Investor home purchases fell 45 percent from a year earlier in the second quarter, outpacing the 31 percent drop in overall home sales, according to a new report from Redfin.

That’s the biggest decline since 2008 with the exception of the quarter before, when they dropped 48 percent. The decline comes as this year’s relatively cool housing and rental markets makes investing in homes less attractive than it was during the pandemic-driven homebuying frenzy of 2021 and early 2022.

The drop in purchases has brought the total number of homes bought by investors below pre-pandemic levels. Real estate investors bought roughly 50,000 homes in the second quarter, the fewest of any second quarter in seven years, with the exception of the start of the pandemic.
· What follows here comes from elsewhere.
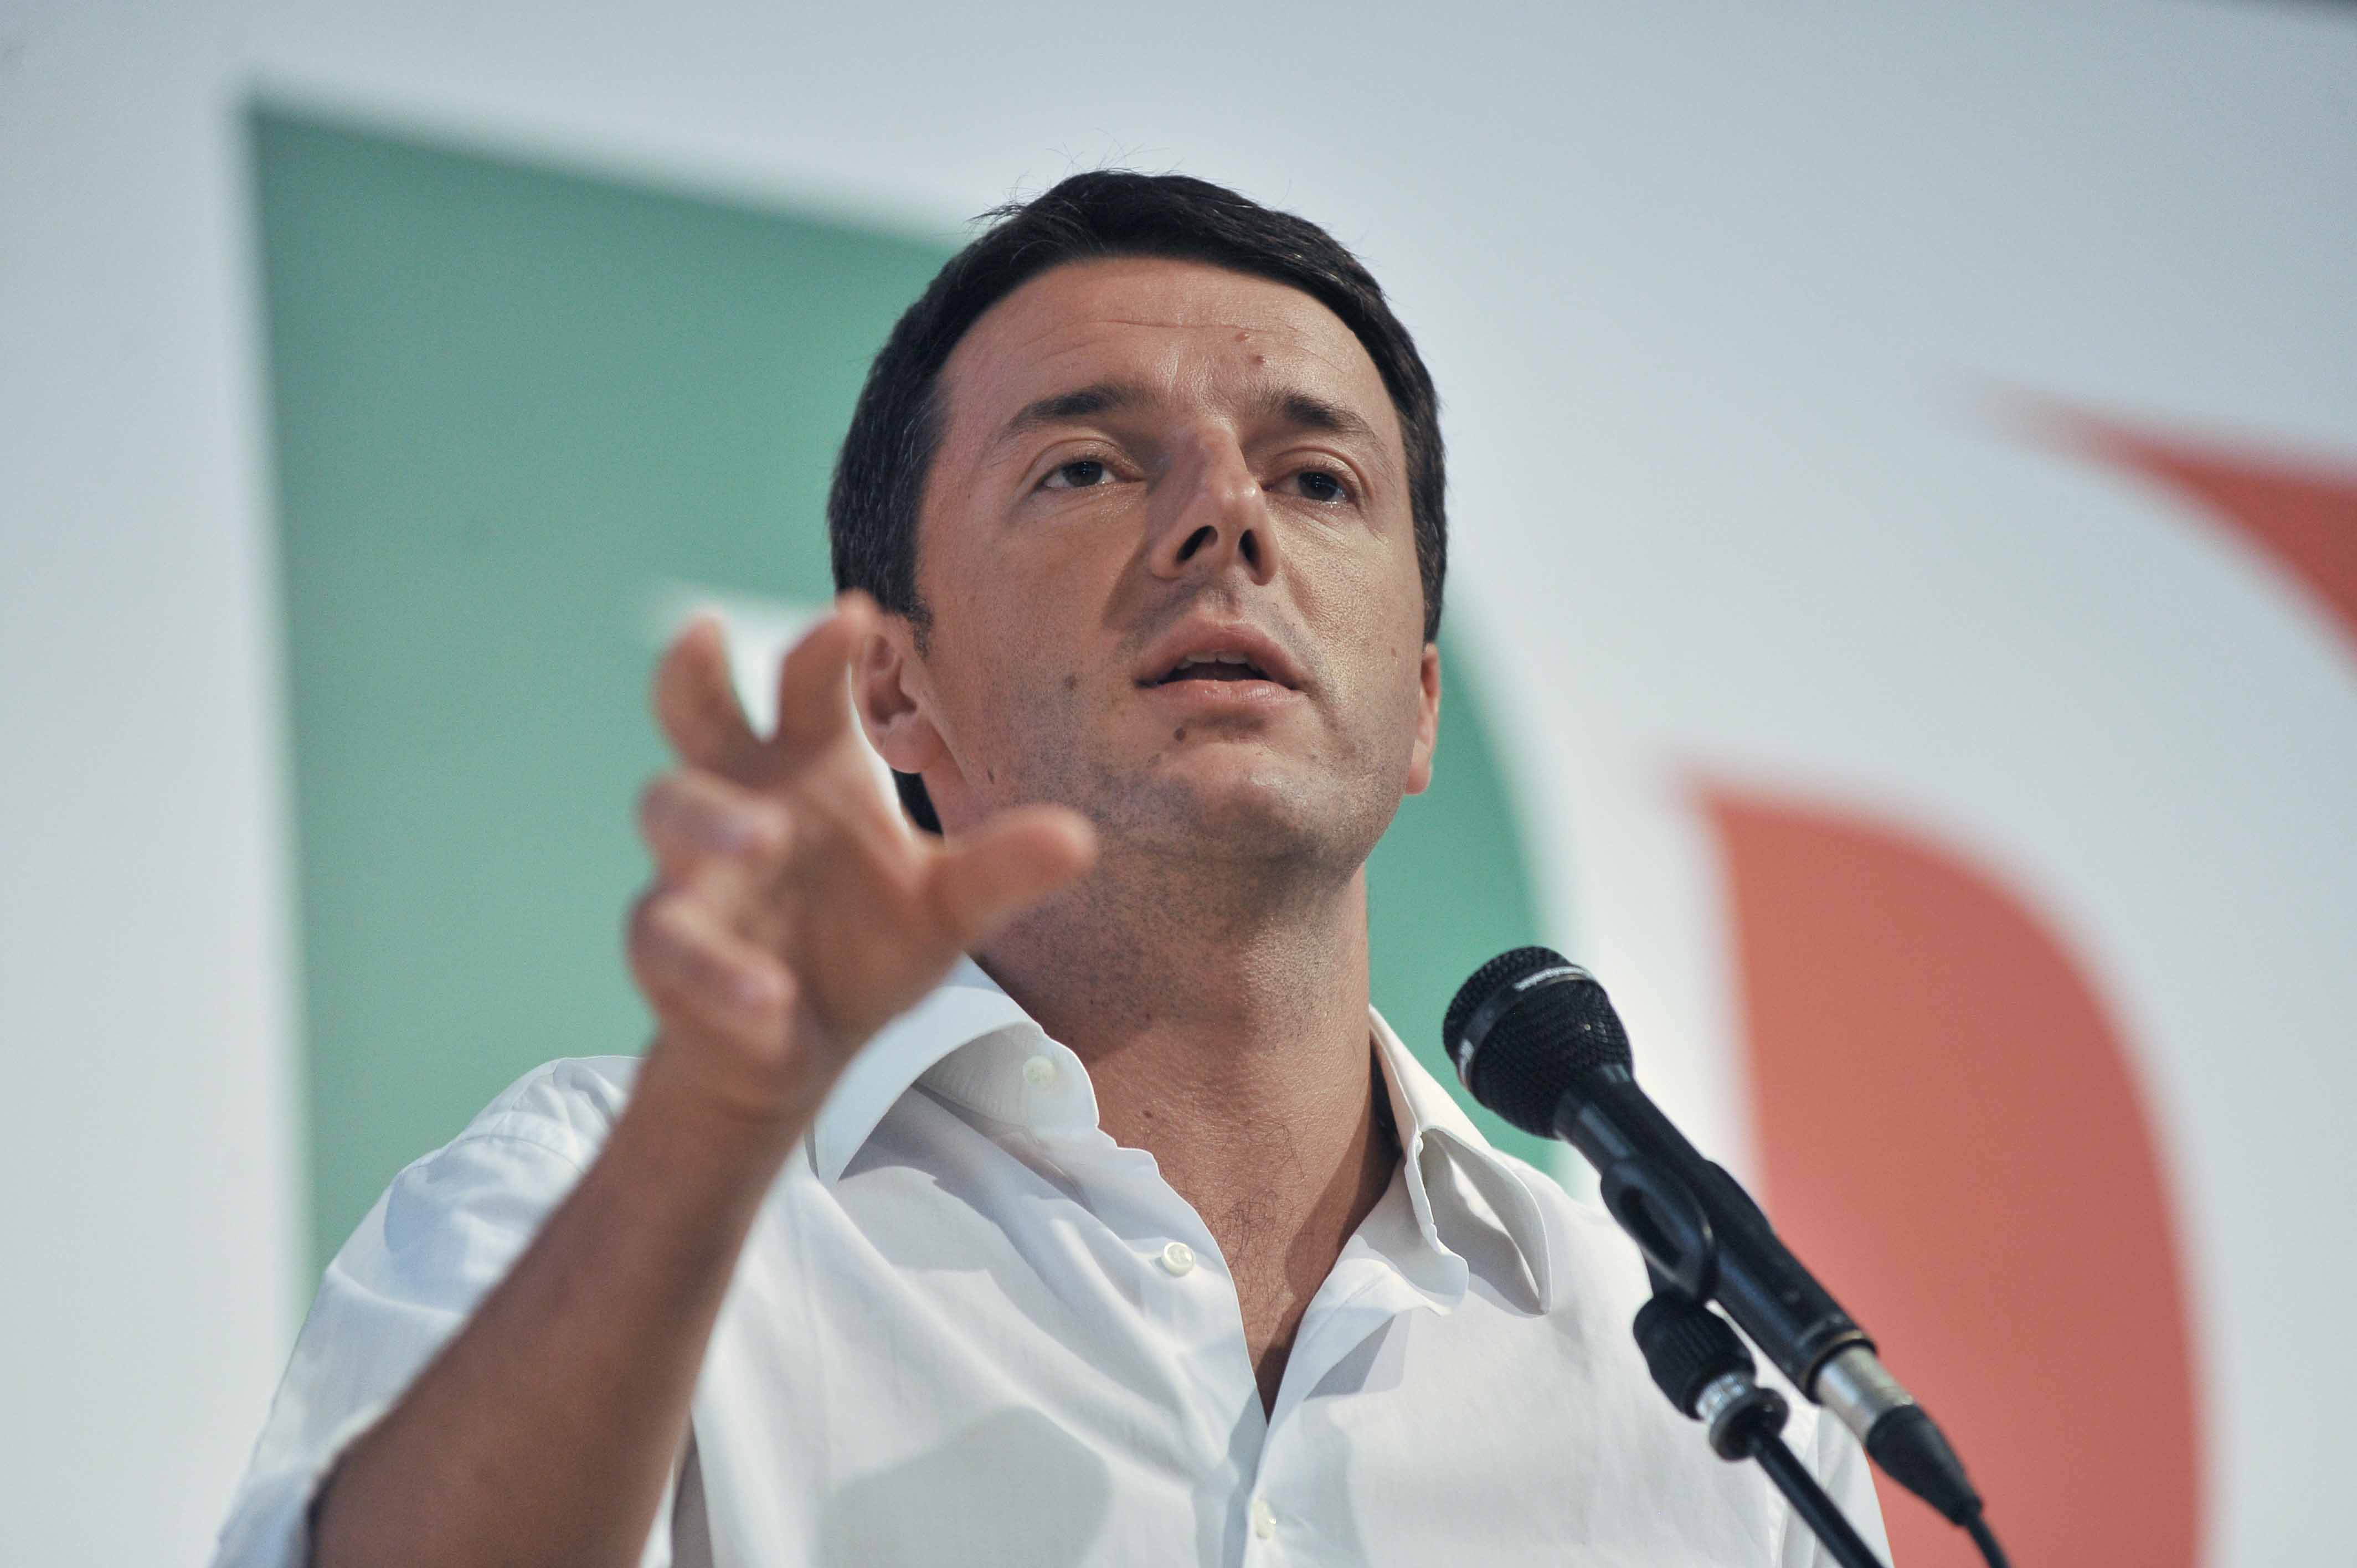 Direzione Pd. Approvato l'Italicum. La minoranza non vota

The data in this report is from 39 of the most populous U.S. metro areas.

This marks a retreat from a boom in investor activity during the pandemic, which was driven by record-low mortgage rates and huge homebuying and rental demand, creating opportunities for investors to make a lot of money.

“Offers from hedge funds have dried up; I haven’t received an offer from one in a long time, except unrealistically low offers,” Las Vegas Redfinagent Shay Stein said in a release. “From mid-2020 until early 2022 when interest rates started going up, hedge funds bought up a ton of properties and immediately turned them into rentals, pricing out local buyers. Now a big portion of our homes are owned by investors, but they’re not adding to their portfolios.”

Investor purchases declined 65 percent year-over-year in Las Vegas, Jacksonville, Fla., and Phoenix, the biggest drops of the metros in the analysis. Investors are pulling back quickly from the Sun Belt and Florida largely because those places had an even bigger boom in homebuying demand than the rest of the country in 2021 and early 2022, and now they’re cooling fast, according to Redfin.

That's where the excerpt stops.